Key In La-La Land If He Thinks Current Account Deficit Sustainable

Prime Minister John Key is in “la-la land” if he thinks New Zealand can afford to continue with an overvalued dollar and a persistent current account deficit, Green Party Co-leader Dr Russel Norman said today.

Dr Norman was responding to comments from Mr Key who said that it was “economic la-la land” to propose reforms that would bring down the high New Zealand dollar and allow our economy to rebalance.

“The National Government’s current policy is not working for New Zealand. Our trading partners, using the tools proposed by the Green Party, are actively lowering their currencies while our government has done nothing,” said Dr Norman

“Major trading partners, including Japan, the US, and the UK have successfully used quantitative easing to lower their currencies. The IMF recently backed the Switzerland’s quantitative easing, saying the measure was “appropriate” in the circumstances.

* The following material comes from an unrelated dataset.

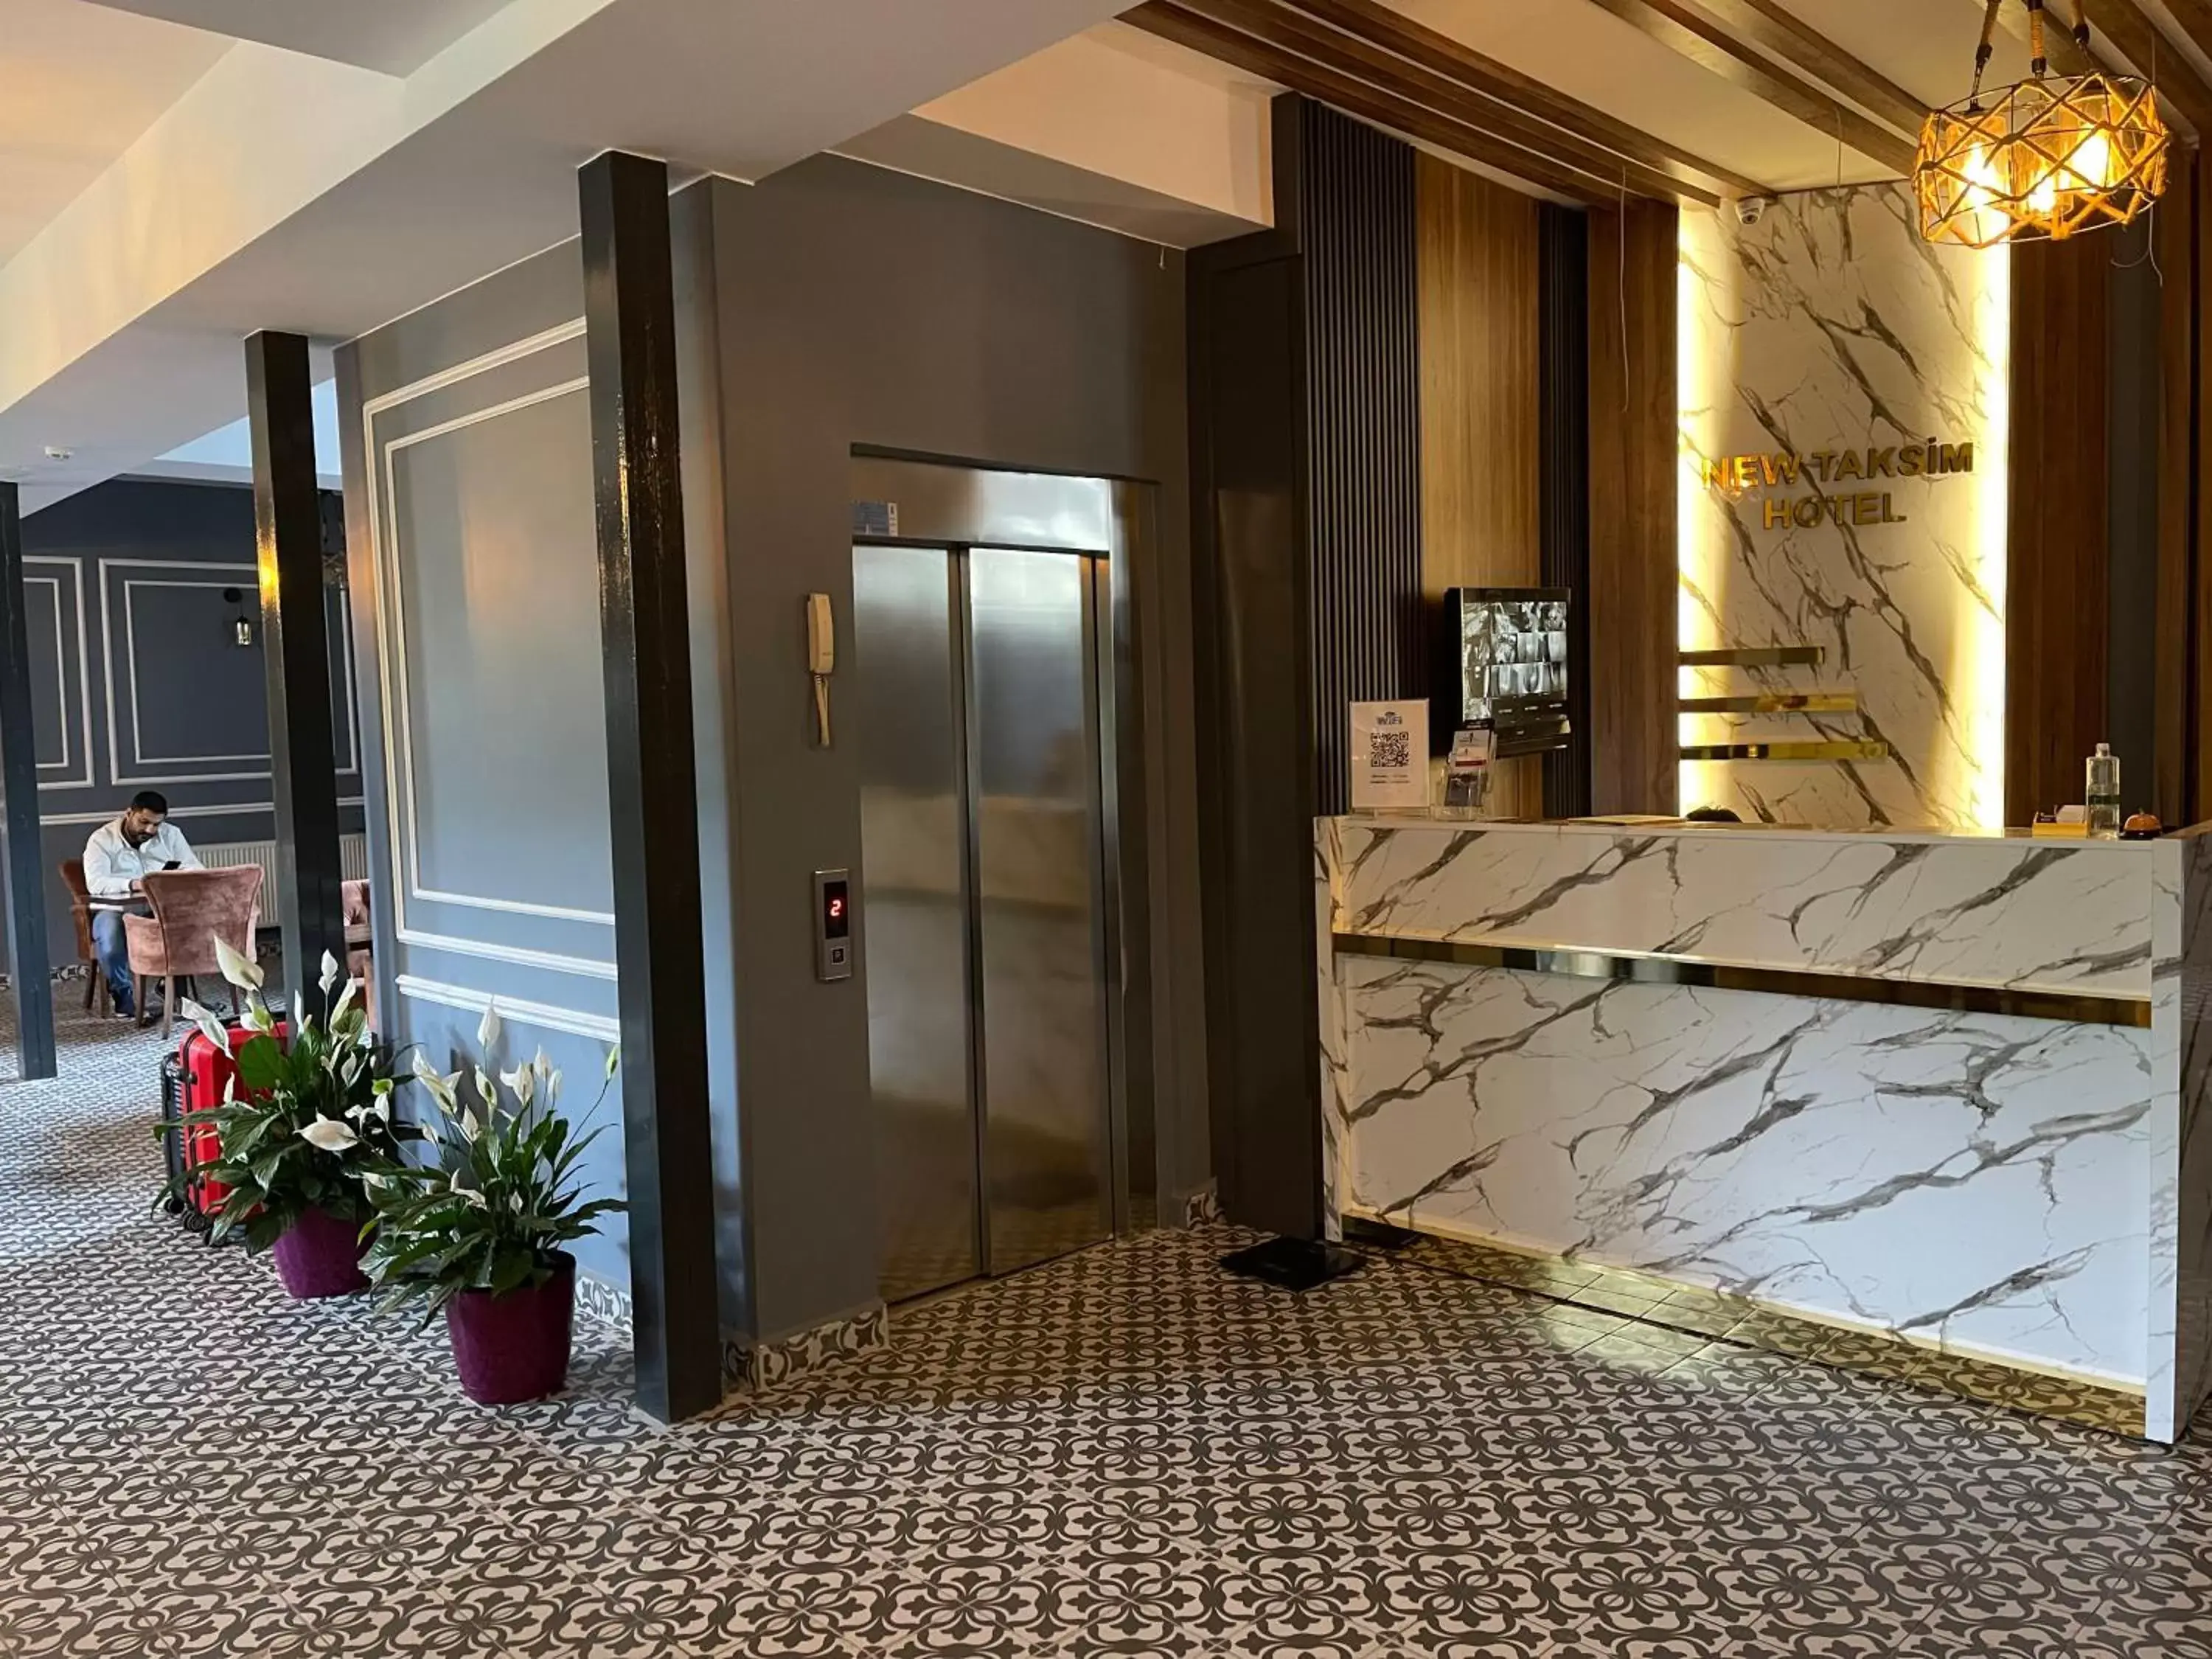 Lobby or reception, Bathroom in New Taksim Hotel

“Other countries have introduced new domestic capital requirements on banks and controls on foreign capital to prevent wild swings in their exchange rates.

“Our exporters are being left high and dry by John Key’s economic management.”

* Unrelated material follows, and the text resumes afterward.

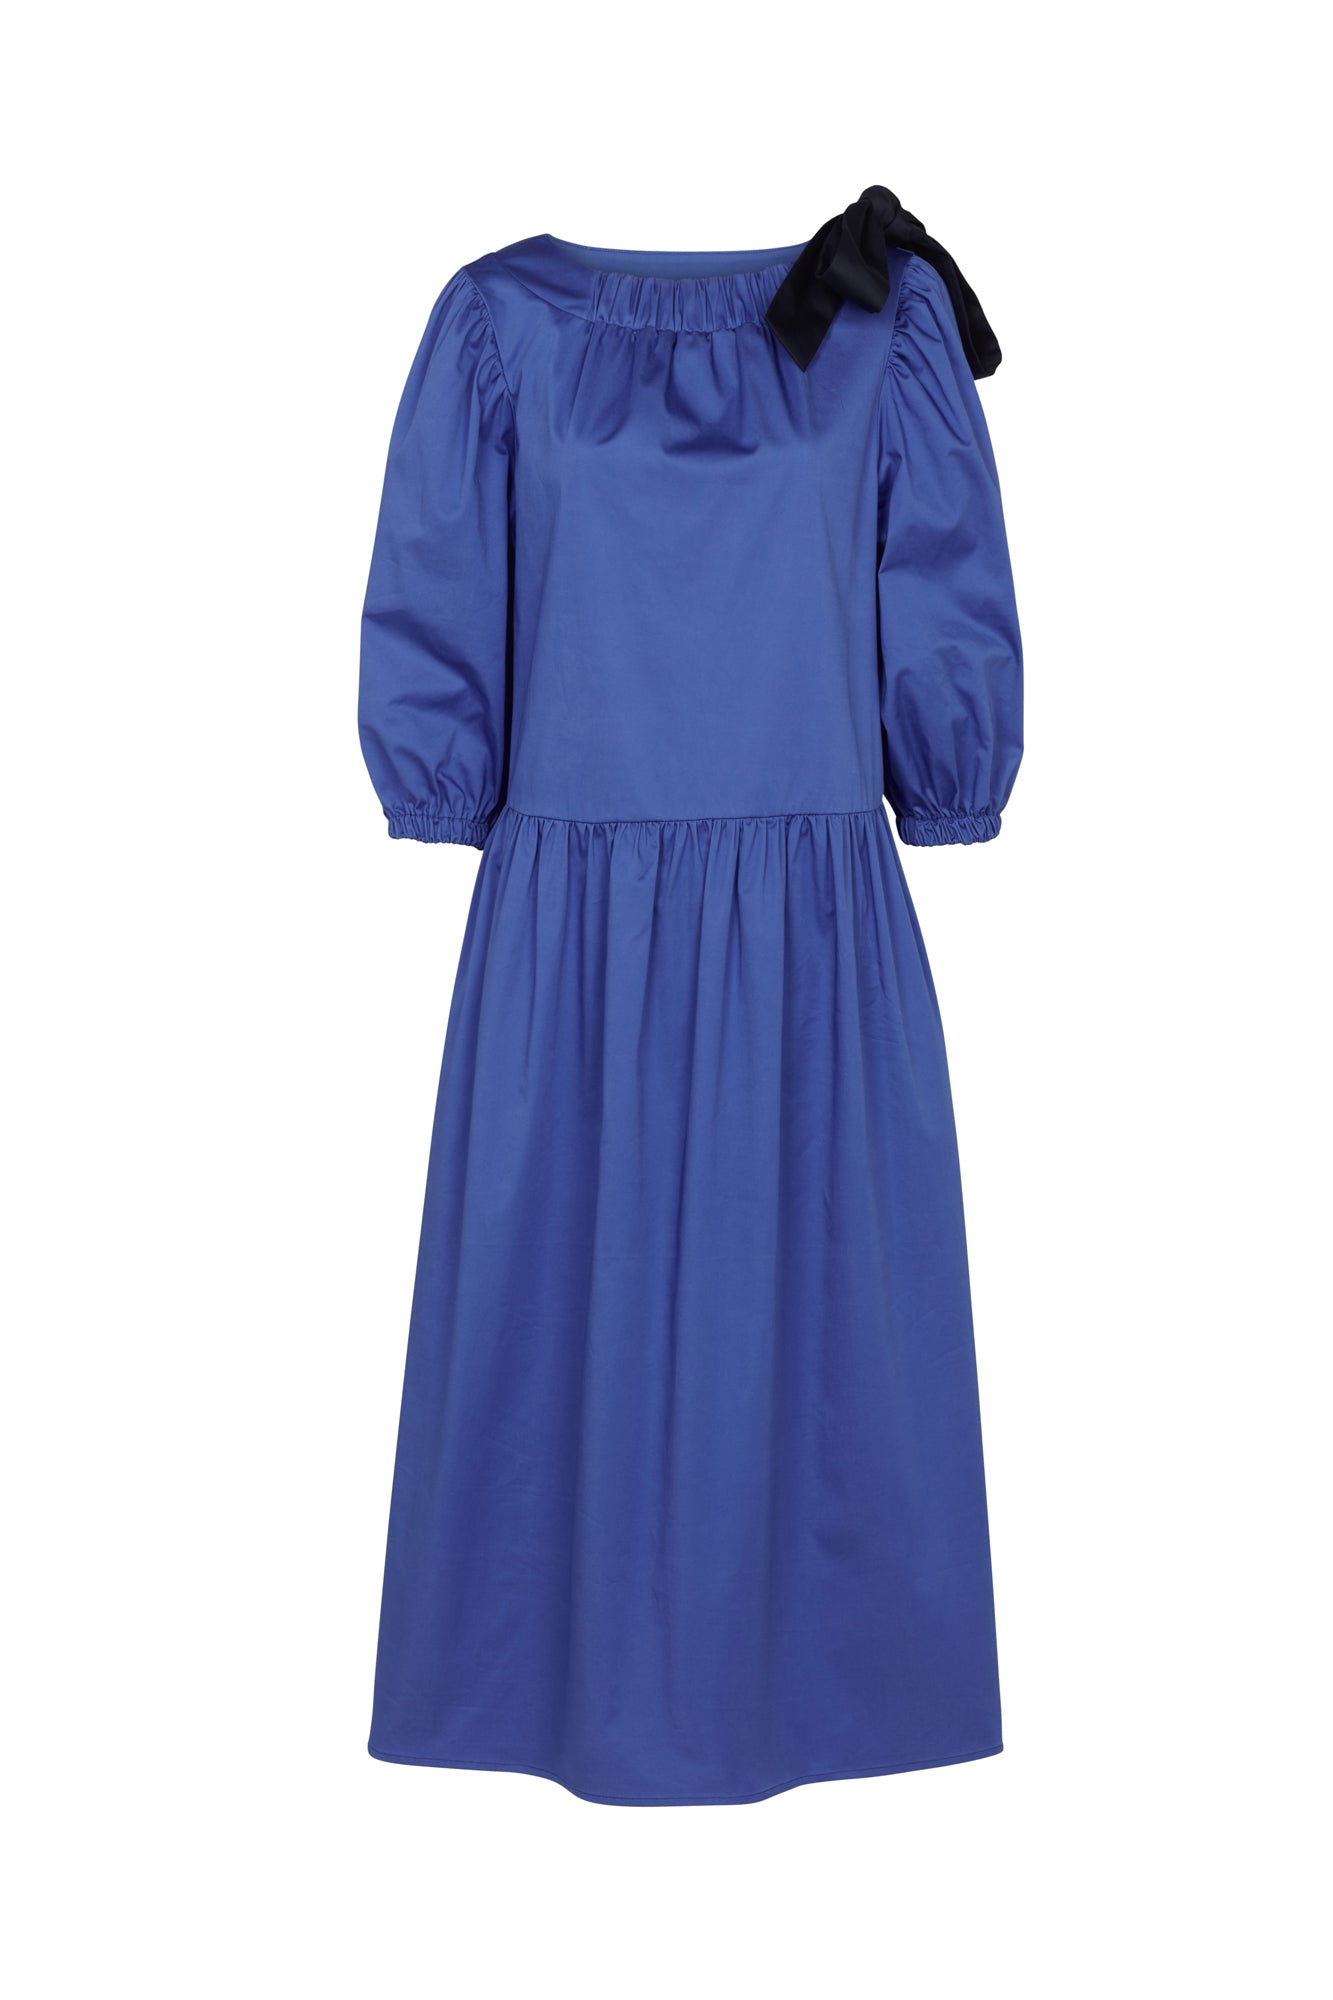 Women’s Hanna Dress Cobalt Blue Medium Mirla Beane

Since the introduction of the Reserve Bank Act in 1989, New Zealand has run a cumulative $147 billion current account deficit. In the next five years, Treasury projects we’ll accumulate another $63 billion in current account deficits.

“New Zealand’s debt to the rest of the world is projected to grow every year under National’s policies. How do we pay for this debt? By selling our assets. By selling our farms. And by borrowing more,” said Dr Norman.

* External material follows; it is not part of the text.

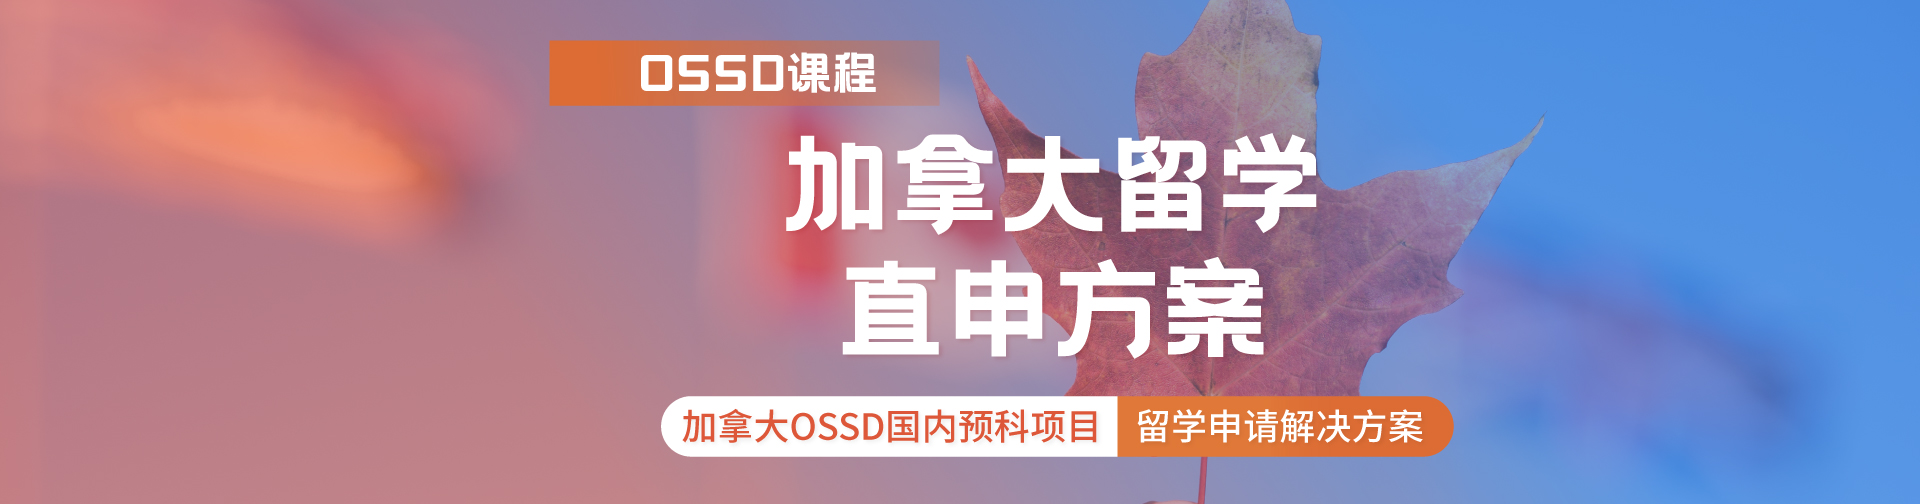 广州新航道加拿大OSSD国内预科项目

“That is no path to a more prosperous New Zealand.

“We can reduce the pressure on the exchange rate and the tradable sector by empowering the Reserve Bank with a mandate beyond inflation control to include managing exchange rate levels and volatility.

“There are a range of tools that work, which we can choose from.

“New Zealanders deserve a monetary policy that works for them. They deserve politicians that are willing to have a mature debate on the issue and put New Zealand’s interest first, rather than those of the currency traders,” concluded Dr Norman.